Estableció su taller en Broome Street, en el barrio de Lower East Side de Manhattan en Nueva York. Probablemente no pudo haber elegido mejor lugar para desarrollar su trabajo, porque podría decirse que en aquellos momentos, la ciudad de Nueva York era la capital del mundo. Desde finales de los años cuarenta se había convertido en el refugio de los exiliados europeos que habían huido de los desastres de la Segunda Guerra Mundial, lo que sin duda enriqueció muchísimo la vida cultural de la ciudad. Rápidamente el arte y la cultura retomaron el camino que había dejado abierto la vanguardia de la primera mitad de siglo. En los cincuenta los pintores abstractos como Jackson Pollock o De Kooning empezaron a experimentar acerca de las posibilidades de expresión a través de la subjetividad y la no referencia al mundo exterior. Pero fue en los sesenta cuando la pintura y el arte dejaron de concentrarse en sí mismos para volver a introducirse en los grandes problemas sociales de la época. Evidentemente hablamos del pop art y de sus grandes artífices: Andy Warhol, Roy Lichtenstein, Claes Oldenburg, etc.

Lipstick (Ascending) on Caterpillar Tracks o el Make Love not War de la escultura

Claes Oldenburg, Lipstick (Ascending) on Catterpillar Track, Morse College, Yale University, Estados Unidos, 1969

Claes Oldenburg, Lipstick (Ascending) on Catterpillar Tracks, Morse College, Yale University, Estados Unidos, 1969.

Vamos a hacer un análisis de la obra Lipstick (Ascending) on Caterpillar Tracks. Esta escultura forma parte de los proyectos a gran escala que desde la década de los sesenta vino desarrollando Oldenburg. Se trata de esculturas de grandes dimensiones ubicadas en lugares públicos, bajo los preceptos de la estética pop. La intención es la de descontextualizar determinados objetos de uso cotidiano para dotarlos de un nuevo significado; una actitud que ya venía investigándose desde el surgimiento del dadaísmo. El movimiento pop desarrolló hasta las últimas consecuencias este concepto de descontextualización, trasladándolo de los museos a los espacios de la vida cotidiana.

La intención es la de descontextualizar determinados objetos de uso cotidiano para dotarlos de un nuevo significado.

Pintalabios (ascendiendo) sobre tanque oruga, esa es la traducción del título de la obra a nuestro idioma. A priori, debemos preguntarnos que relación guarda un pintalabios con un tanque. La respuesta correcta es ninguna. Un tanque es un vehículo de combate que tiene un significado sólo en un contexto bélico y, por otra parte, un pintalabios es un objeto utilizado para el maquillaje y embellecimiento del rostro. Sin embargo, el título de la obra no es pintalabios sobre tanque sino pintalabios (ascendiendo) sobre tanque oruga. Aquí, la palabra ascender es la que dota de significado pleno a la obra, ya que uno se superpone sobre otro. La relación entre los objetos no es tanto de asociación como de jerarquización, uno se alza sobre el otro. No son dos objetos en el mismo plano, no guardan una relación de igualdad entre ellos sino de superioridad o de inferioridad.

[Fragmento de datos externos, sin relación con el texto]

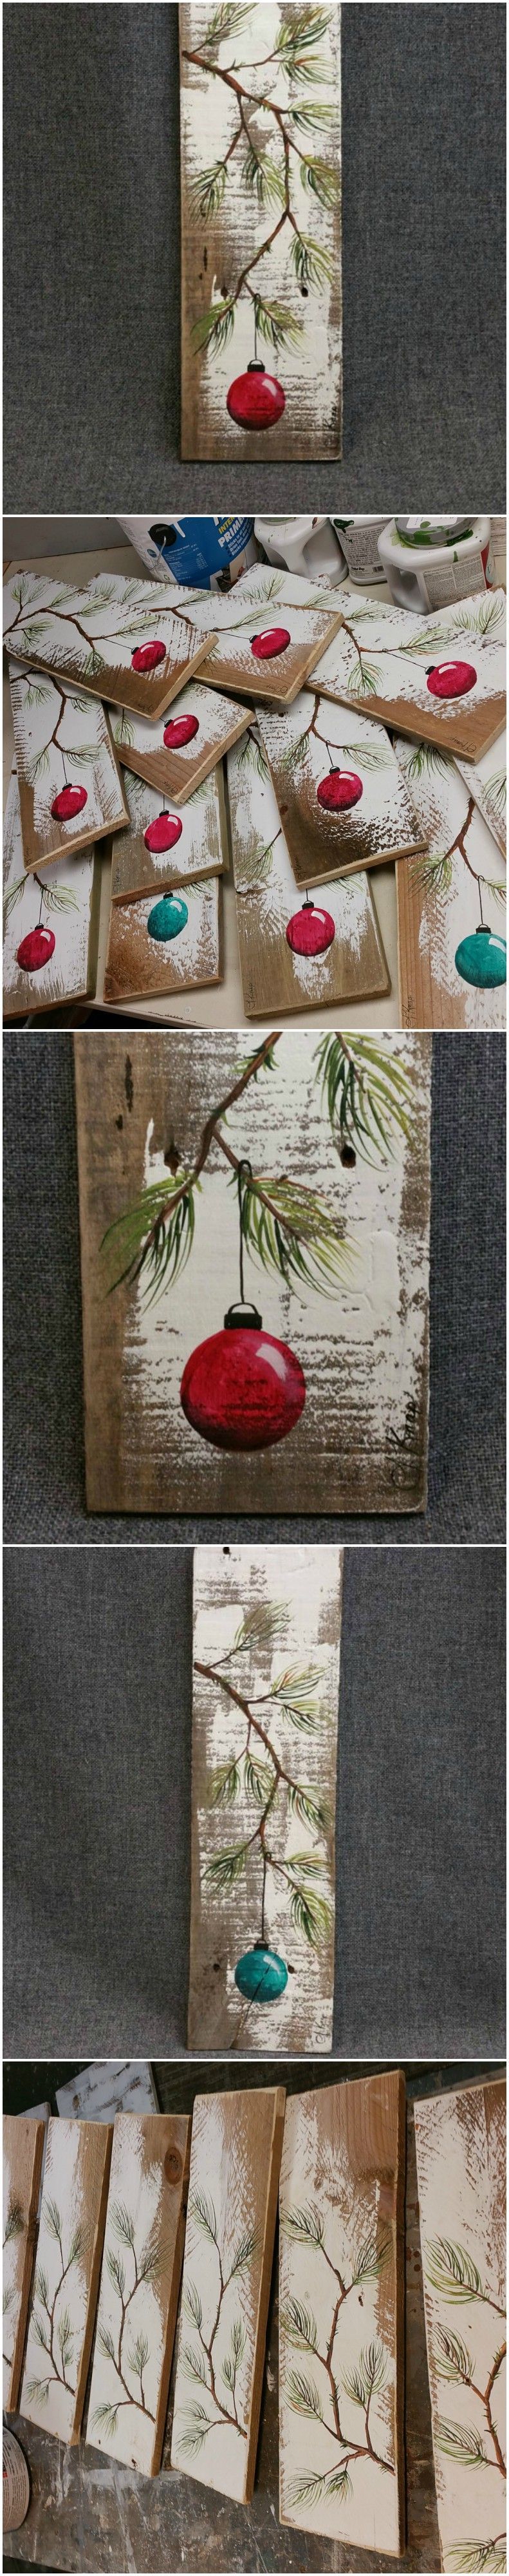 RED Hand painted Christmas decoration, GIFTS UNDER 25, Pine Branch with Red Bulb, Reclaimed barnwood, Pallet art, Shabby chic

De lo que se trata es de un problema formal y espacial, que por definición, son el sustento teórico de la escultura. La escultura es una forma en el espacio. En el plano horizontal hallamos una forma volumétrica cuadrangular que nos remite a la figura de un tanque oruga y, sobre ella, un cilindro con la punta biselada. La línea horizontal puede asimilarse a la línea de la muerte, mientras que la vertical es la de la vida. Un tanque desde luego, simboliza la muerte y por eso ha sido colocado como base horizontal, mientras que el pintalabios asciende sobre él, está por encima del tanque, lo supera.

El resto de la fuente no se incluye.